Staal was ridden by Zdeno “Tower of Power” Chara (I read it on NHL.com this morning, and I like it better than our “Jolly Yellow Giant” moniker) like a carousel pony all night, but Staal still managed to get free and notch two points. Claude Julien sent Chara over the boards every time Staal’s pinky toe touched the ice, and he delivered one nasty hit on the ‘Canes’ star that was replayed on the telecast time and time again. But by the end, Staal was easily giving him the slip. He scored an empty-netter for his sixth of the postseason.

And now, that ugly disallowed goal. With 0.2 seconds remaining in the second period (that number keeps cropping up…) Chad LaRose scored on Thomas top shelf. The puck barely made it under the crossbar and only briefly landed behind the goal line before it was swept out. However, the on-ice referee called “no goal,” and unless the review showed irrefutable evidence that it went over the goal line, the score would remain the same. Well, they didn’t find any, and even though it looked pretty obvious on the replay, the rules maintained they had to be sure. No goal.

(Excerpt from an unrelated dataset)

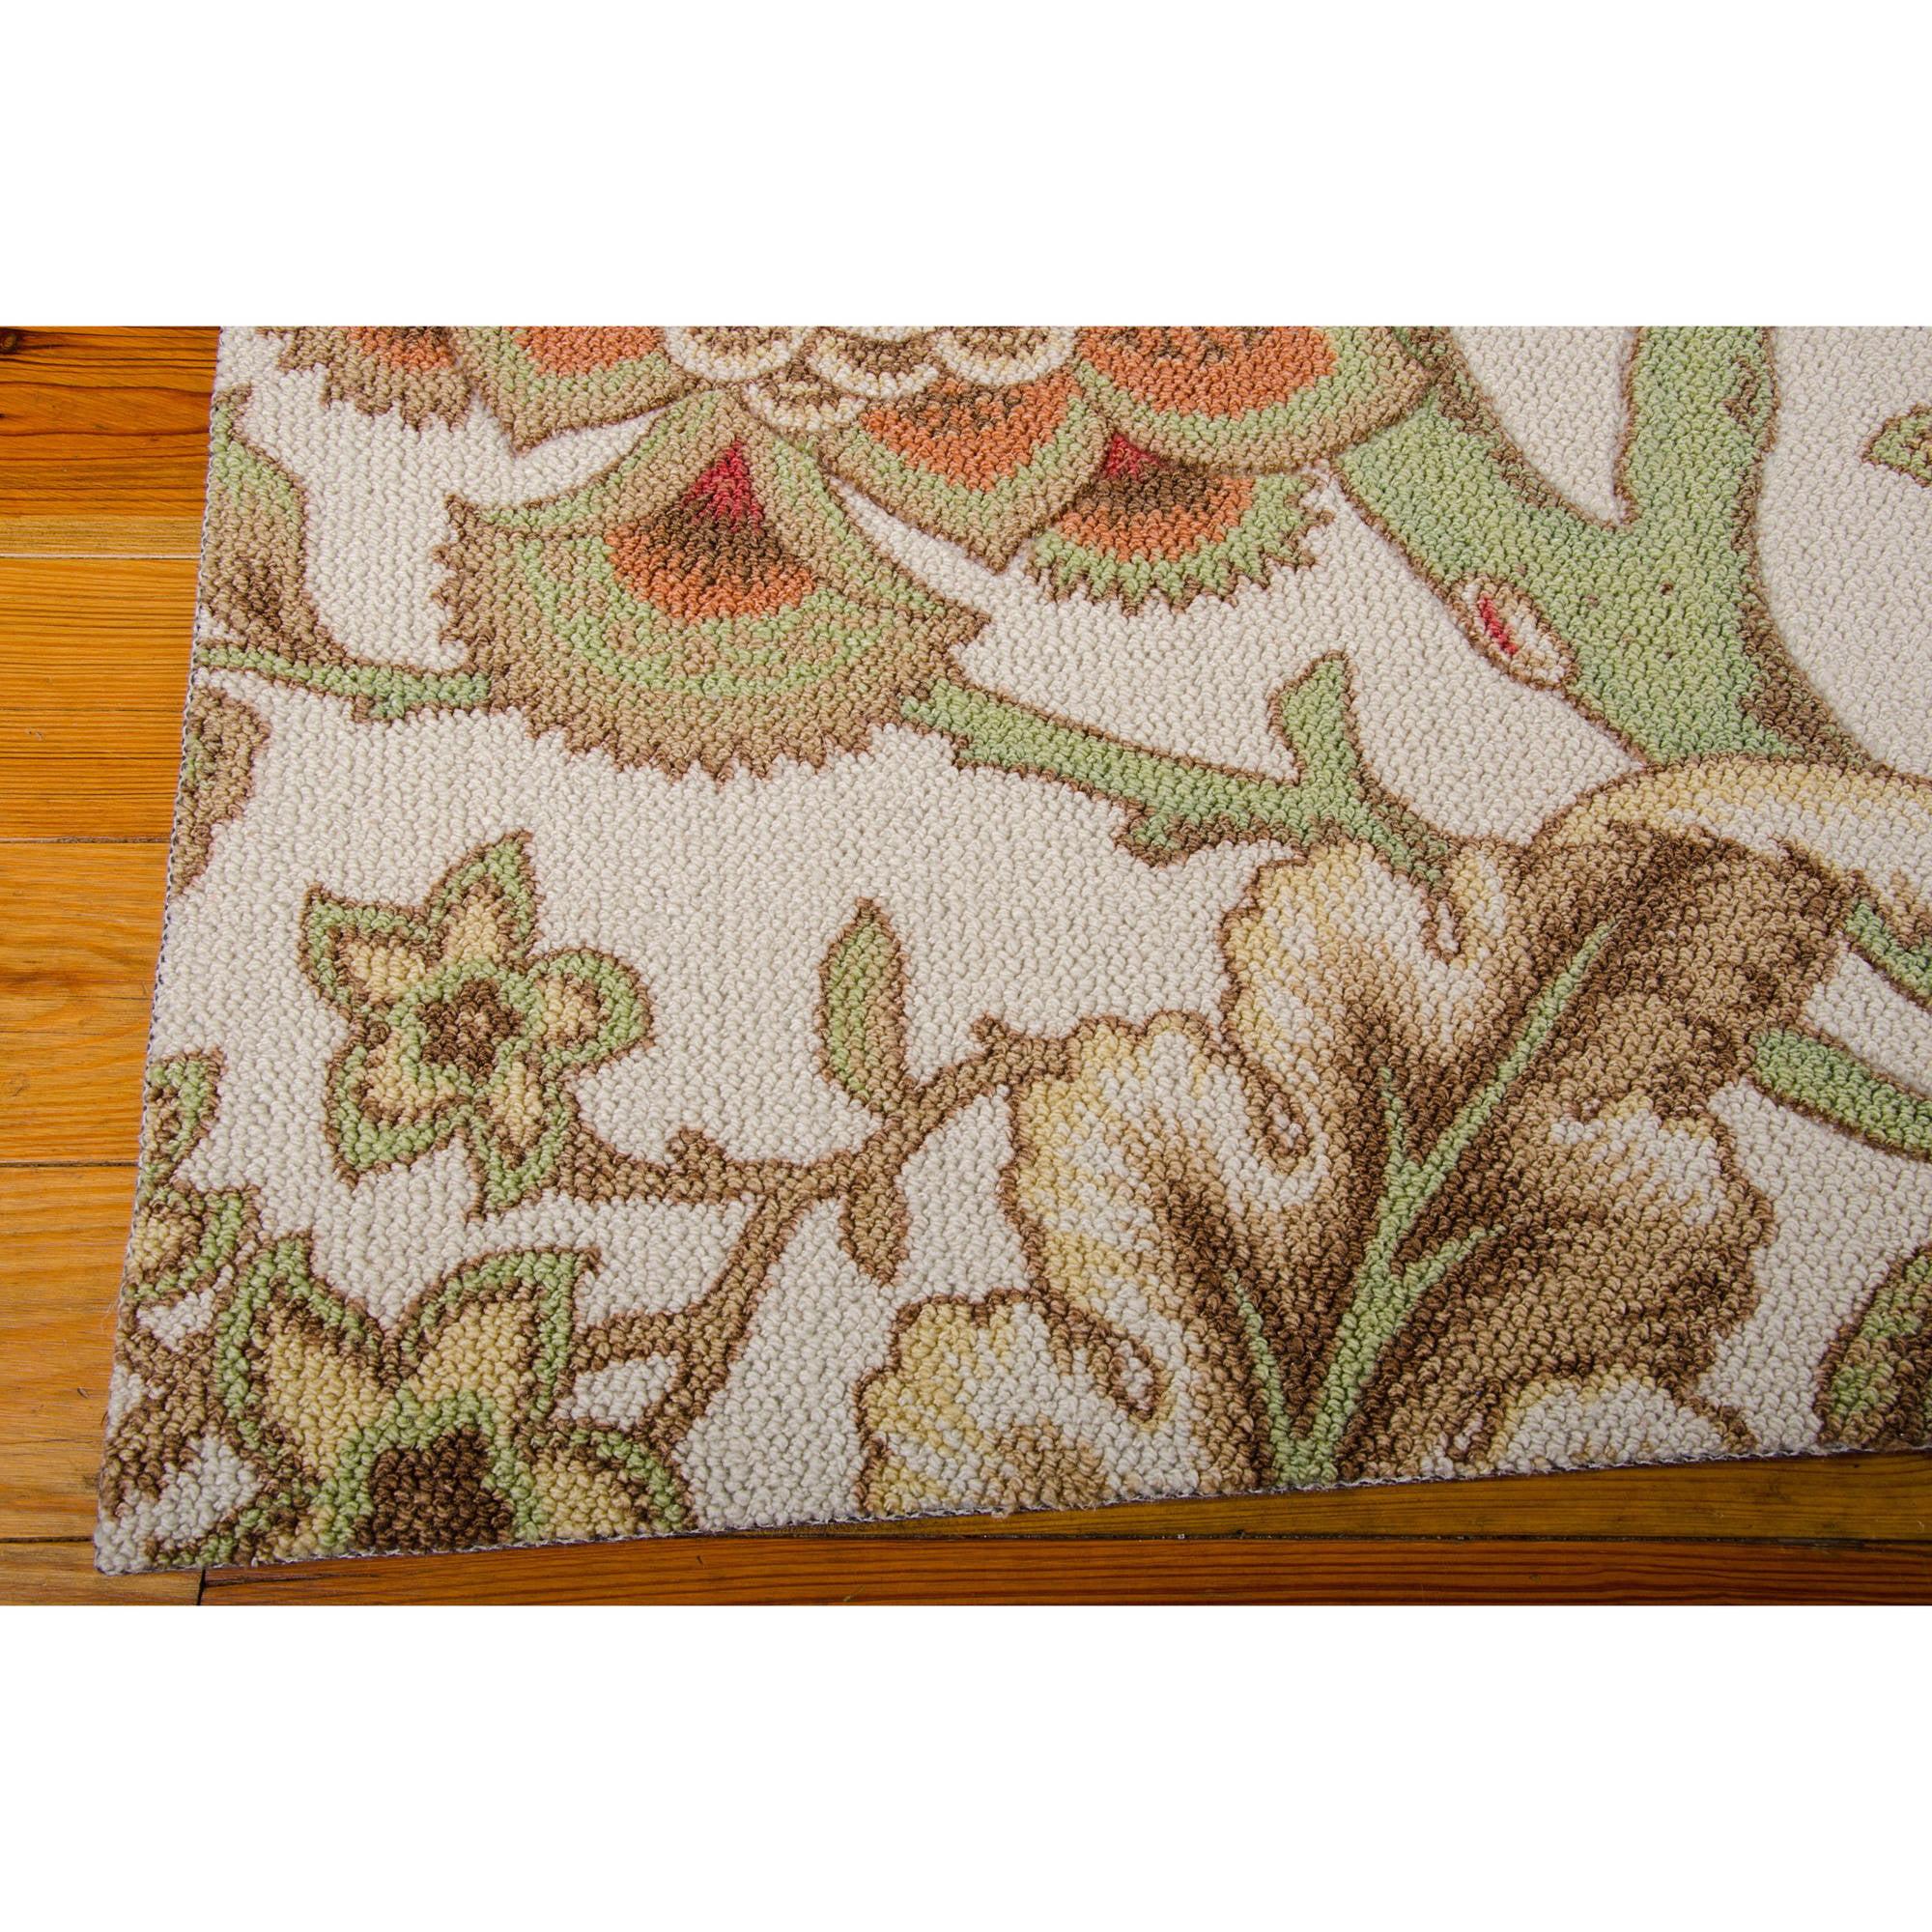 waverly rugs - nourison waverly global awakening imperial dress polyester rug

(Did anyone else notice that LaRose appeared to be sucking his gloved thumb while they looked at the goal? That was a little weird.)

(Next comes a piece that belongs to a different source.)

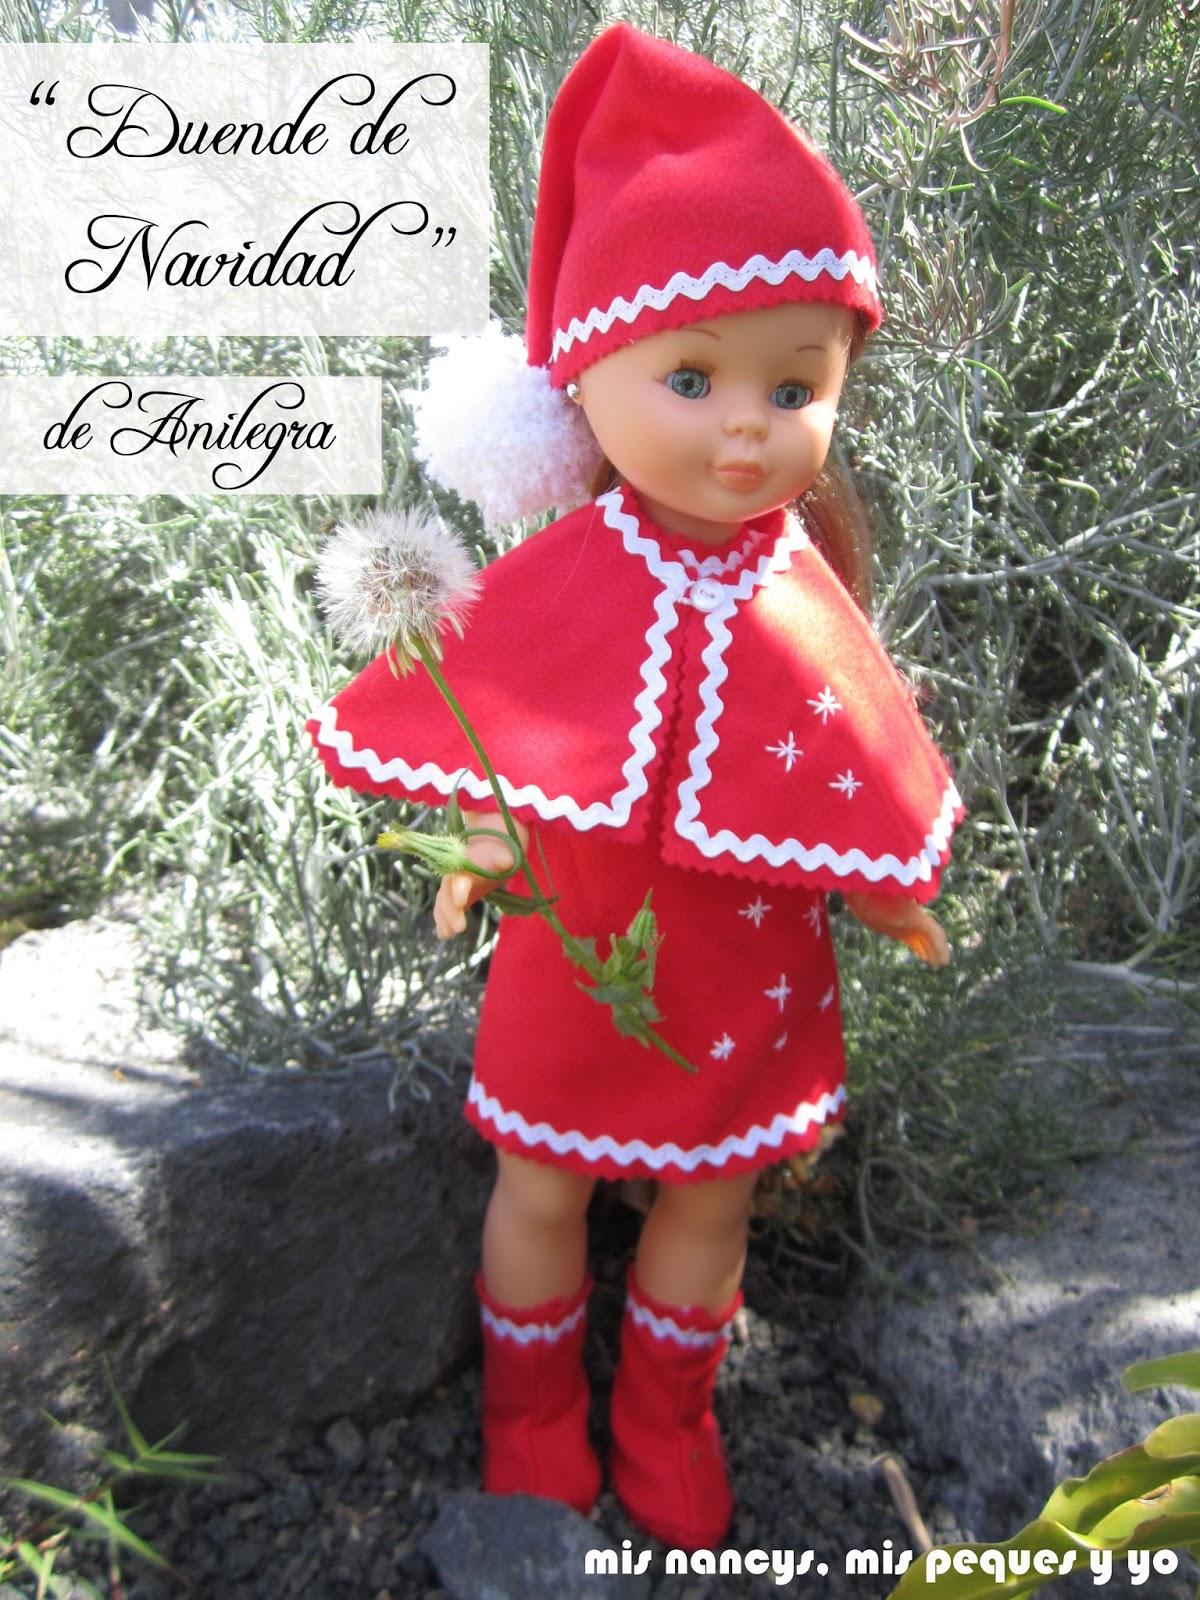 "Disfraz ""Duende de Navidad"" de Anilegra para Nancy"

Hooray to the judges for looking at the non-goal for as long as they did and for sending it to Toronto for a second opinion, but boo on them for somehow still managing to make the wrong decision. Because the knucklehead on the ice called “no-goal,” the judges’ hands were tied. Thankfully, it didn’t matter.

The Bruins came out firing and Ward had to make an incredible chest save less than a minute in. But as soon as the ‘Canes got it out of the zone, Andrew Ferrence took a slashing penalty and it was all downhill for the Bruins from there.

Ward added what is perhaps the highlight of his highlight reel late in the third. Monuments and paintings should be commissioned in its honor. Michael Ryder, the Bruins’ leading playoff point-scorer, found himself in front of an empty net with players piled up in the crease. The Boston bench even leaped up in glee, prematurely assured of a goal. How Ward a.) found the shooter b.) was able to save the point-blank shot by flashing out his leg pad is completely beyond me. He was a superhero tonight.

What a win. The ‘Canes head back to the RBC Center with a series tie, when many pundits said this was the most likely series to result in a sweep (of the Boston variety, to be clear.) This was a promising, emotional win over a tough team.

Game 3 will be on Wednesday at 7:30. The ‘Canes took a stick and poked the Big, Bad Bruins in the eye; we’ll have to see how the heavily favored team reacts in Raleigh.